The fact is we have lost the ability to review and critique. We have definitely lost it in government. Even the enlightened advisers of the Planning Commission are clueless about the nature of the institutional failures. We have also lost it outside government. Simply because government has lost respect for the creators of this knowledge. When government asks for research to be conducted, it knows the answers it must get. When it gets uncomfortable replies, it does not know how to assimilate and digest it. The sad truth is that researchers and analysts find it easier and more profitable to 'consult' in the urban-industrial segment because the client is more purposeful about the value of their advice.
As a result, we really don't have any inputs from the laboratory of development to seek the ways ahead. But, ways ahead is what we must seek. We know that implementation is government's biggest nightmare. Its failure makes governance a virtual write-off. We also know that over the past 20 years or so, we have launched scheme after scheme, some good, some bad and many indifferent. We know we have also innovated with the delivery mechanisms of many of the schemes. It is not as if we do not have the experience. What we really lack desperately is any kind of intelligence from that experience.
Sure, there are no real new answers. What we are seeking is answers others have already found. But what we need is the conviction to stand behind the idea, implement it seriously, learn from its evolution and so reform and restructure. The problem, when you think over the 55 years of development in India, is that we have never really worked hard enough on the idea of the solution we seek.

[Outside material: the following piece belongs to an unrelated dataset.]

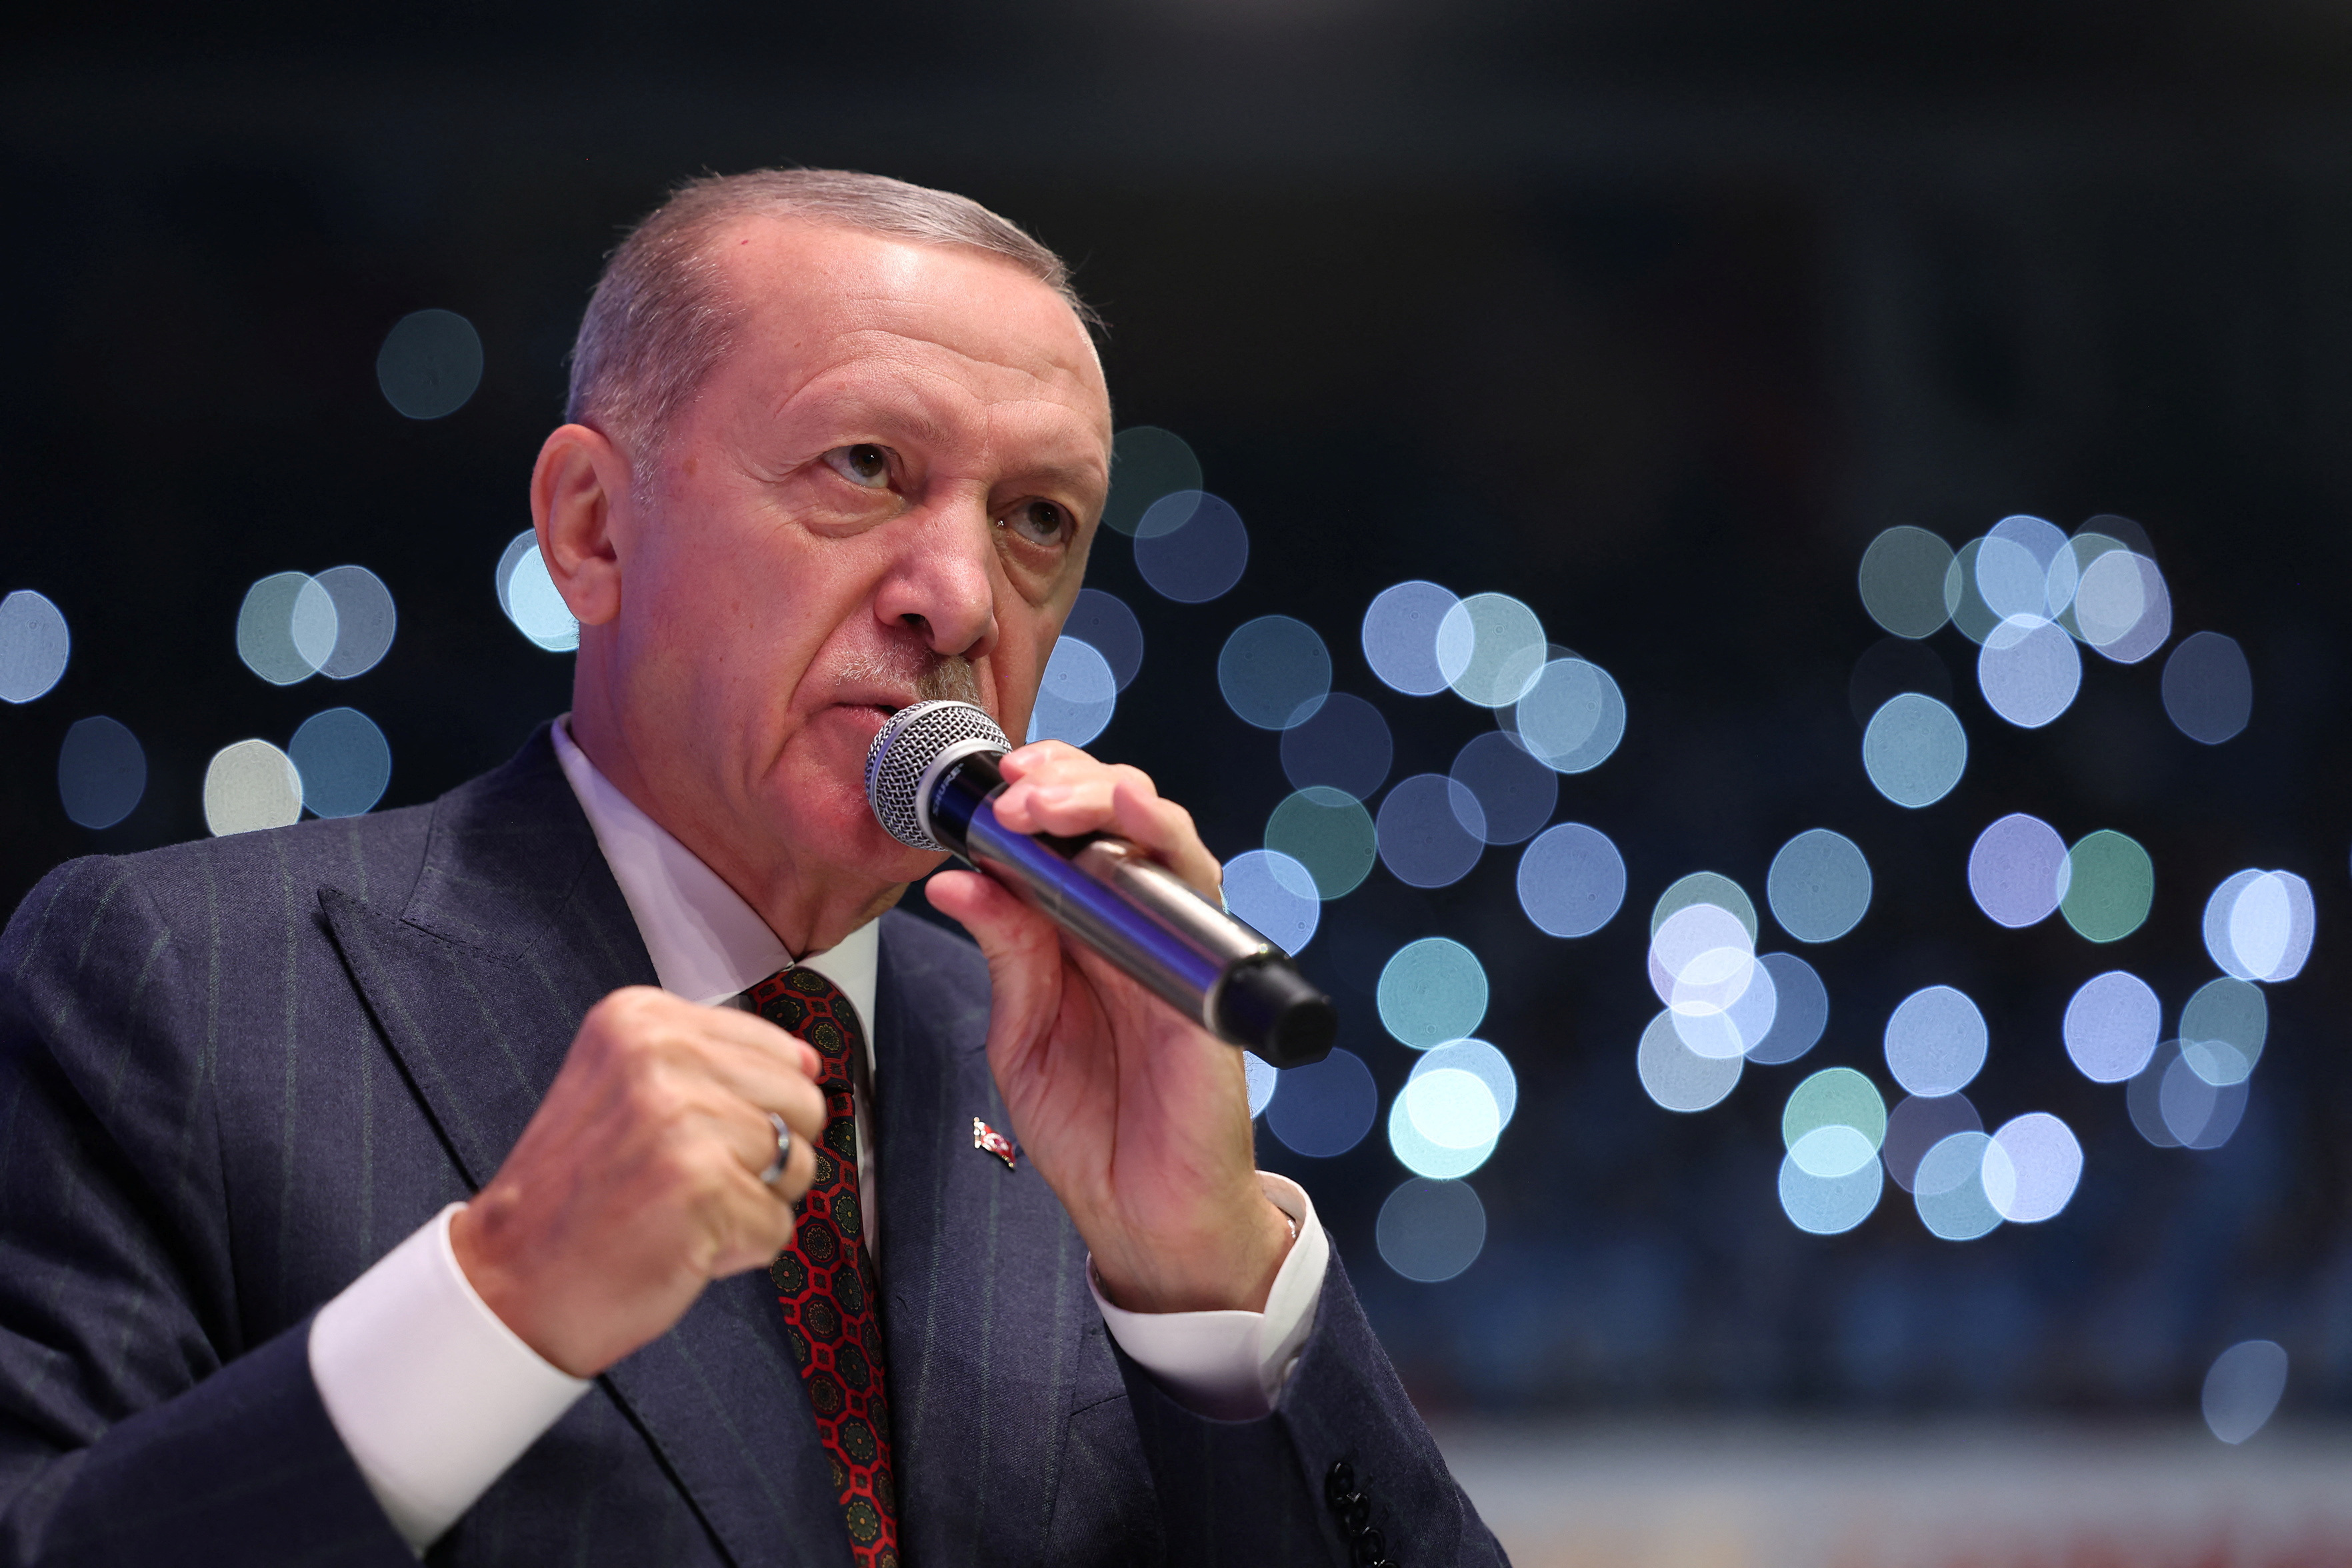 Turkish President Erdogan makes a speech at the Extraordinary Congress of his ruling AK Party in Ankara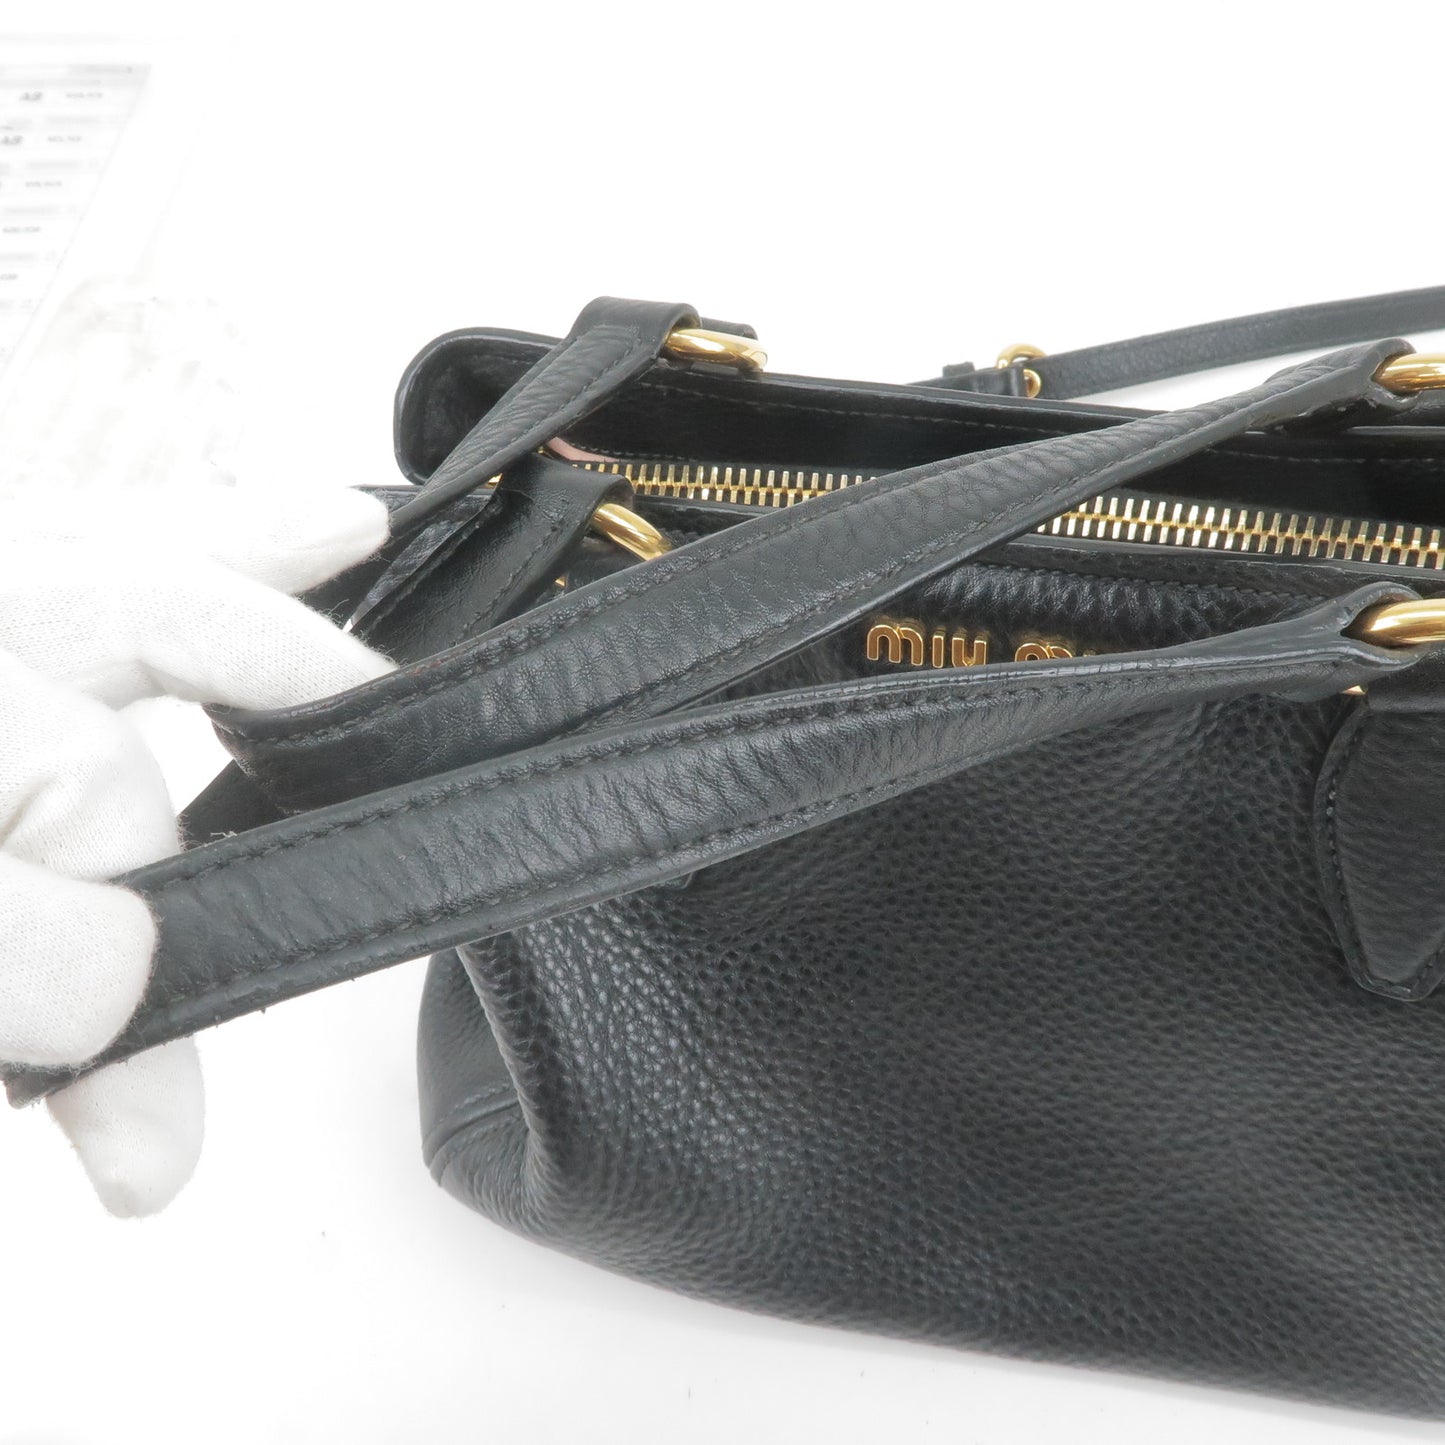 MIU MIU Logo Leather 2Way Bag Hand Bag NERO Black RT0438

Just think. In my 20-odd years of watching and cajoling development thinking, the most exciting period was in the late 1980s and early 1990s. We were in some ways at the threshold of new discoveries -- rural regeneration, drought and poverty removal topped the national agenda; we had understood by then that government programmes working through bureaucracies were incapable of delivery. It was clear people had to be directly involved in managing their resources, their affairs.
This was the time when the country launched massive programmes for social forestry, wasteland development. It was the time when there was talk (much like there is now) of an employment guarantee programme, which would use the labour of people to build rural assets so that drought-proofing would be proof against drought. This was also when the government enacted the panchayati raj constitutional amendment. And when government understood that for effective governance at the village level, and for delivery of services, the representative body of panchayat s was inadequate. The concept of the gram sabha, the village assembly, became part of policy delivery. It was introduced, but left to states to enact.
Today, these very questions still stare us in the face. Because we have not documented our successes and never worked through our failures, we have no clue on how to move ahead. It is this, the budget must be an audit of. Otherwise, there will only be fringe discussions on more non-fringe issues. The real, undeveloped, fringe will remain where it is: impaled upon schemes, beyond development's pale.